BMC Med. 2025 Nov 4;23(1):606. doi: 10.1186/s12916-025-04442-y.
ABSTRACT
BACKGROUND: Major depressive disorder (MDD) and primary insomnia (PI) share overlapping symptoms and neurobiological features, yet they represent distinct clinical entities. Thus, identifying both shared and disorder-specific structural and functional brain alterations is critical for enhancing our mechanistic understanding and improving diagnostic differentiation between these conditions.
METHODS: A comprehensive literature search was conducted in the PubMed, Web of Science, and Embase databases, covering publications up to April 2024. The seed-based d-mapping software was used to investigate common and distinct abnormalities of gray matter volume (GMV) and resting-state amplitude of low-frequency fluctuations (ALFF) between MDD and PI. Meta-regression analysis was employed to assess the effect of demographic and clinical features on the identified structural and functional characteristics. The study complied with the PRISMA reporting guideline, and the detailed checklist is included in Additional File 2.

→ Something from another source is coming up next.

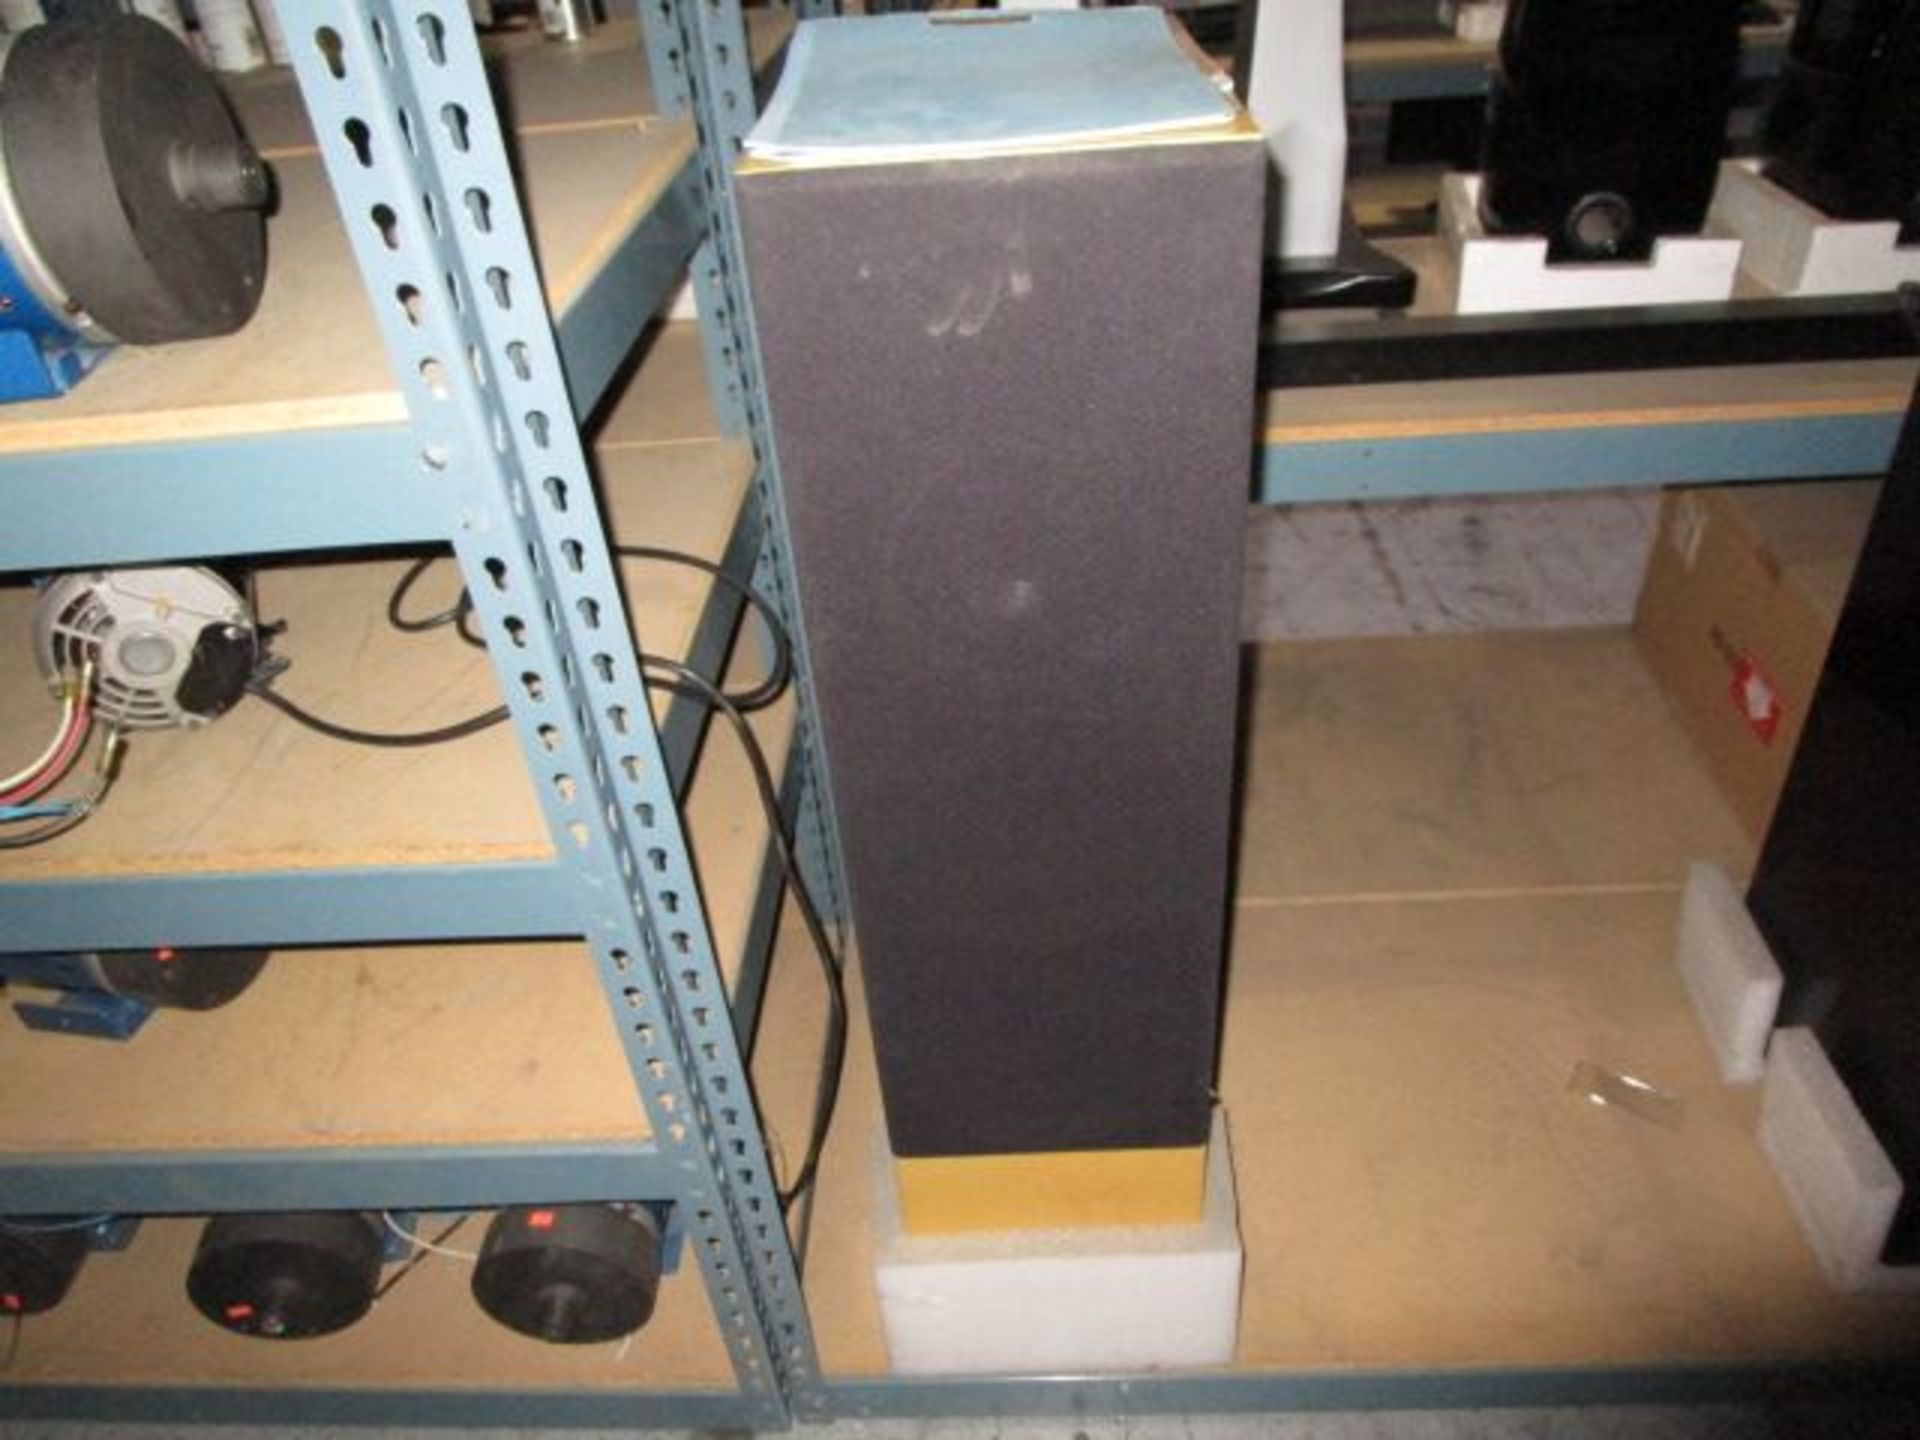 SHELVING UNIT OF RECEIVER SYSTEMS AND SPEAKERS - Image 8 of 8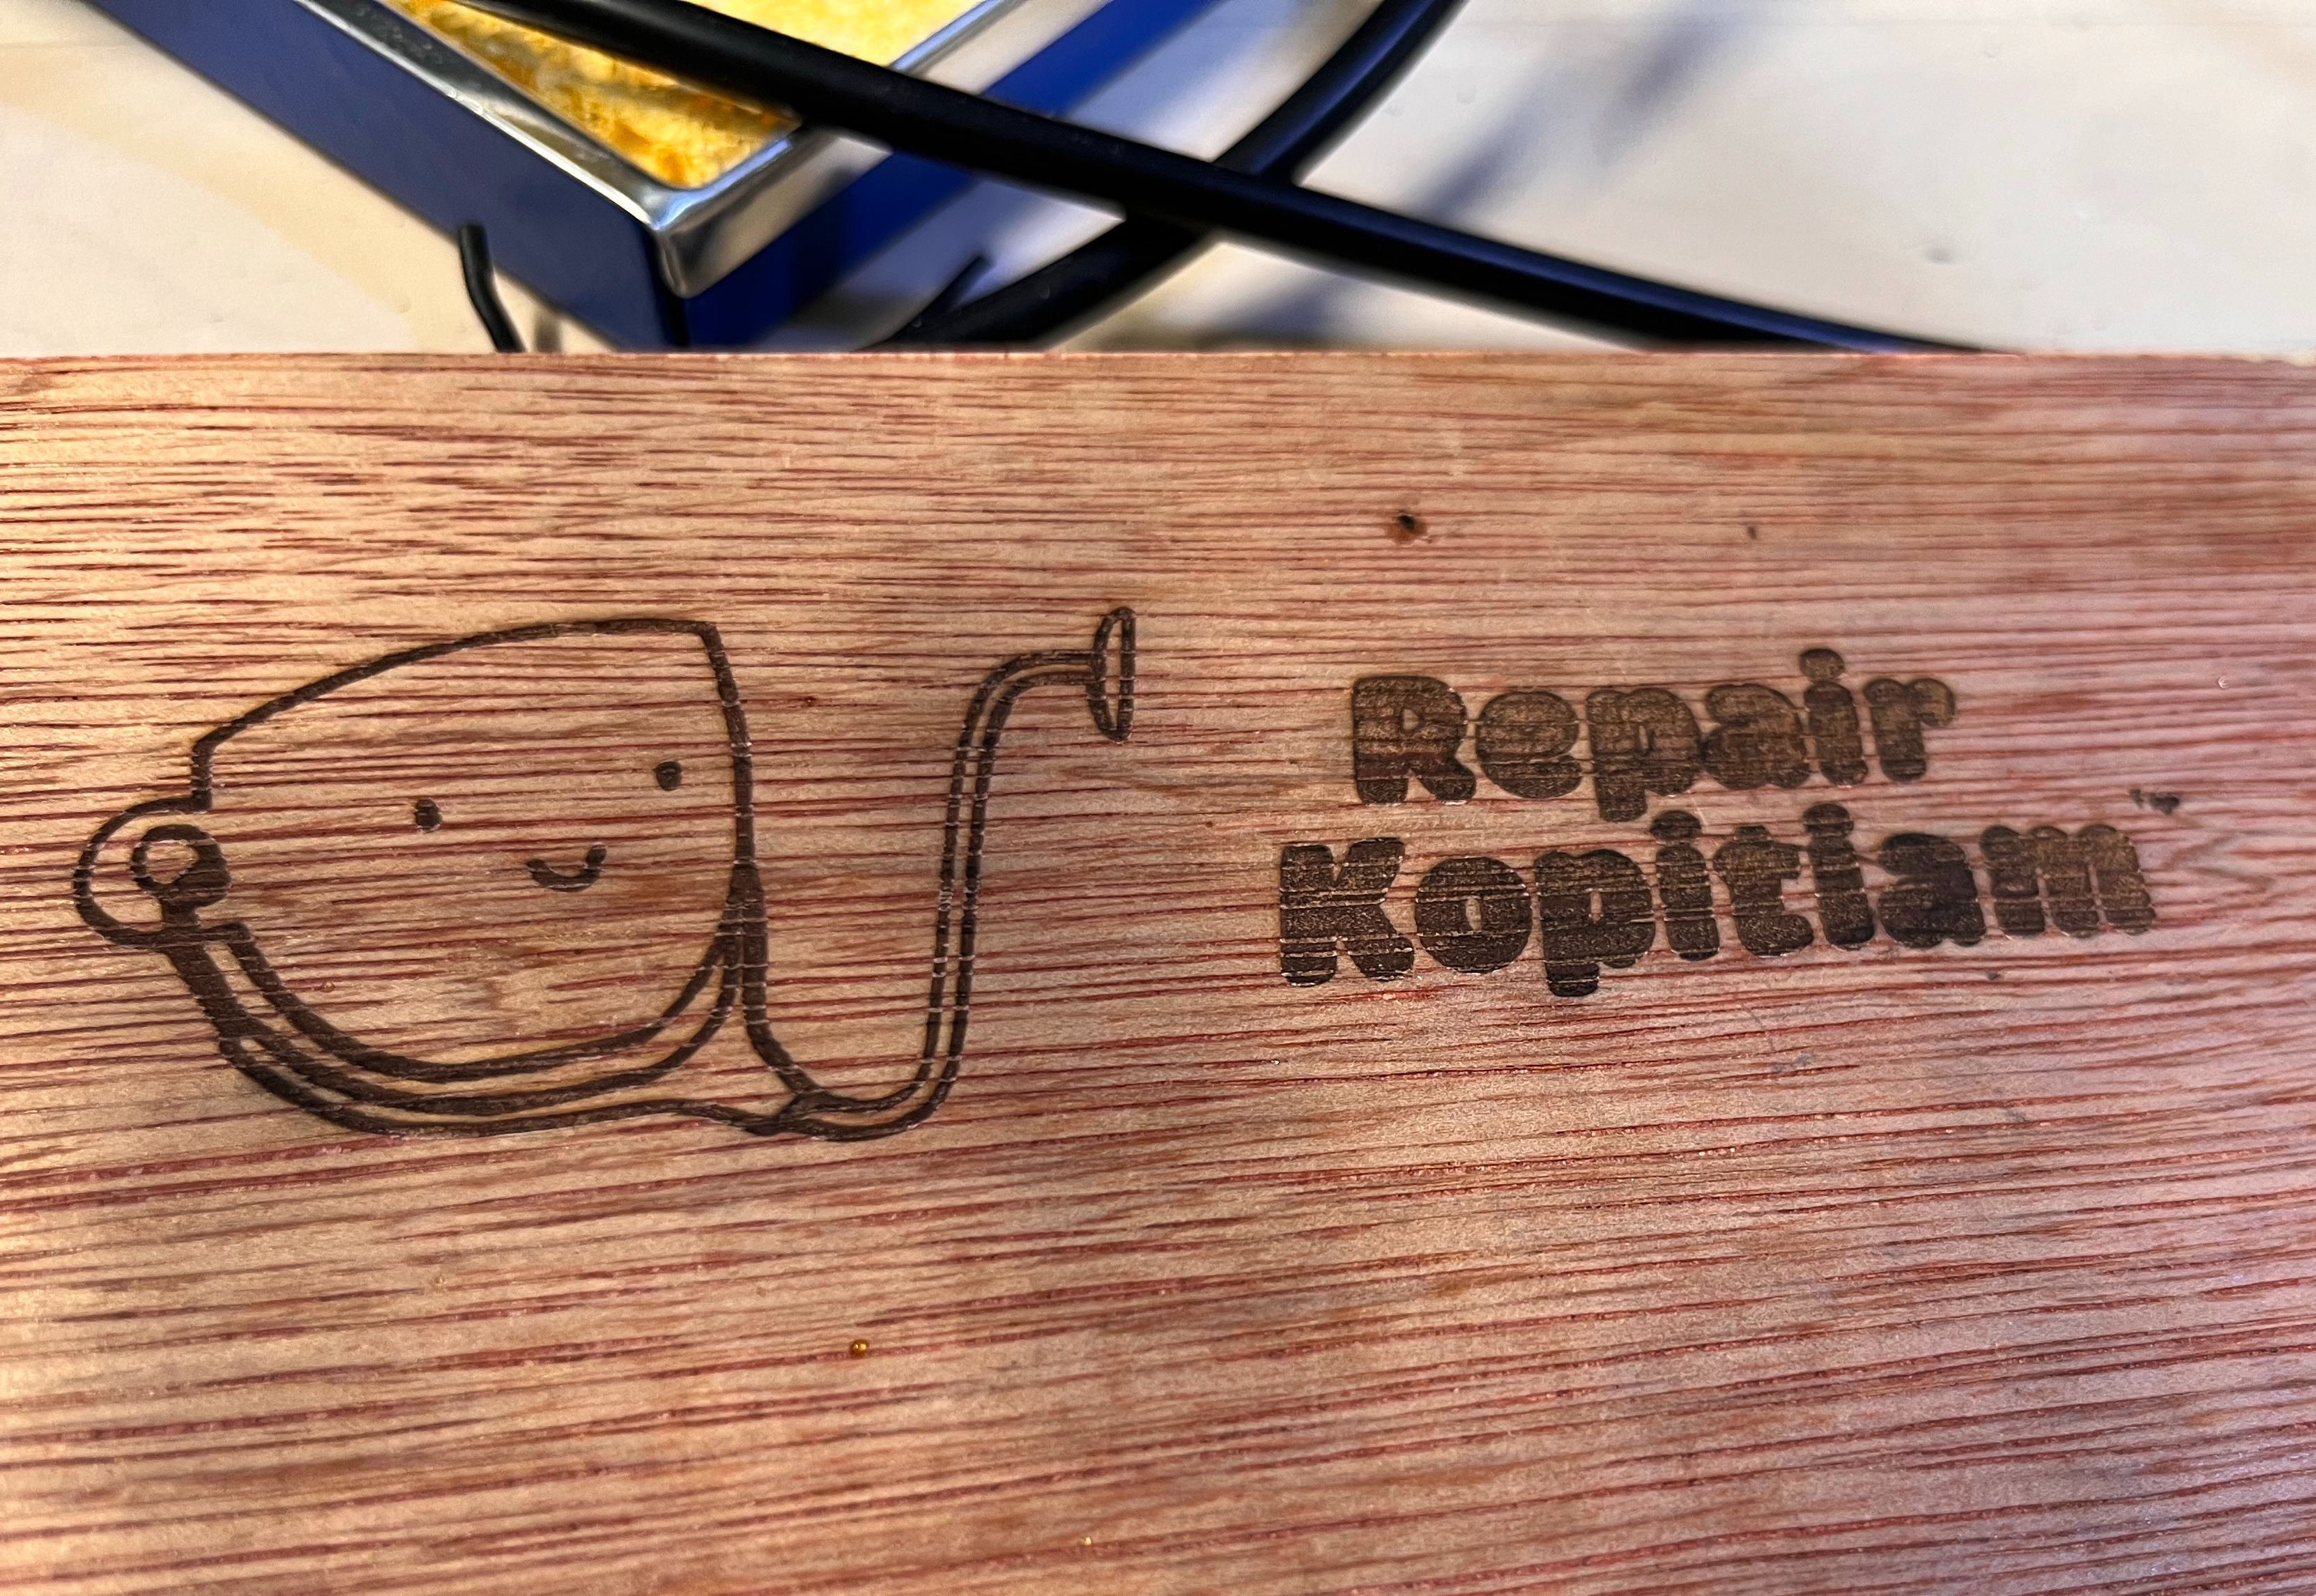 A wooden board with 'Repair Kopitiam' printed on it, and a coffee cup wearing a stethoscope

RESULTS: Across 54 GMV and 25 ALFF studies, both MDD and PI showed increased ALFF in the left temporal pole, superior temporal gyrus (STG), and right amygdala relative to healthy controls. Compared to MDD, PI exhibited smaller GMV in the left striatum and median cingulate/paracingulate gyri (DCG), but greater GMV in the right STG, reflecting structural divergence. Functionally, PI showed lower ALFF values in the right cerebellum and parietal regions, but higher ALFF values in the right occipital and temporal areas than MDD. Subgroup analyses conducted in studies within homogenous and key methodological parameters confirmed the robustness of most findings. Meta-regression revealed that functional rather than structural alterations were more strongly associated with the severity of symptoms in both disorders.
CONCLUSIONS: Common increased resting-state activation in limbic and temporal circuits may underlie overlapping neurobiological mechanisms between MDD and PI and represent potential transdiagnostic phenotypes. Distinct patterns of structural changes in gray matter, especially in striatum, cingulate, and temporal regions, may represent potential biomarkers for differential diagnosis between these two disorders.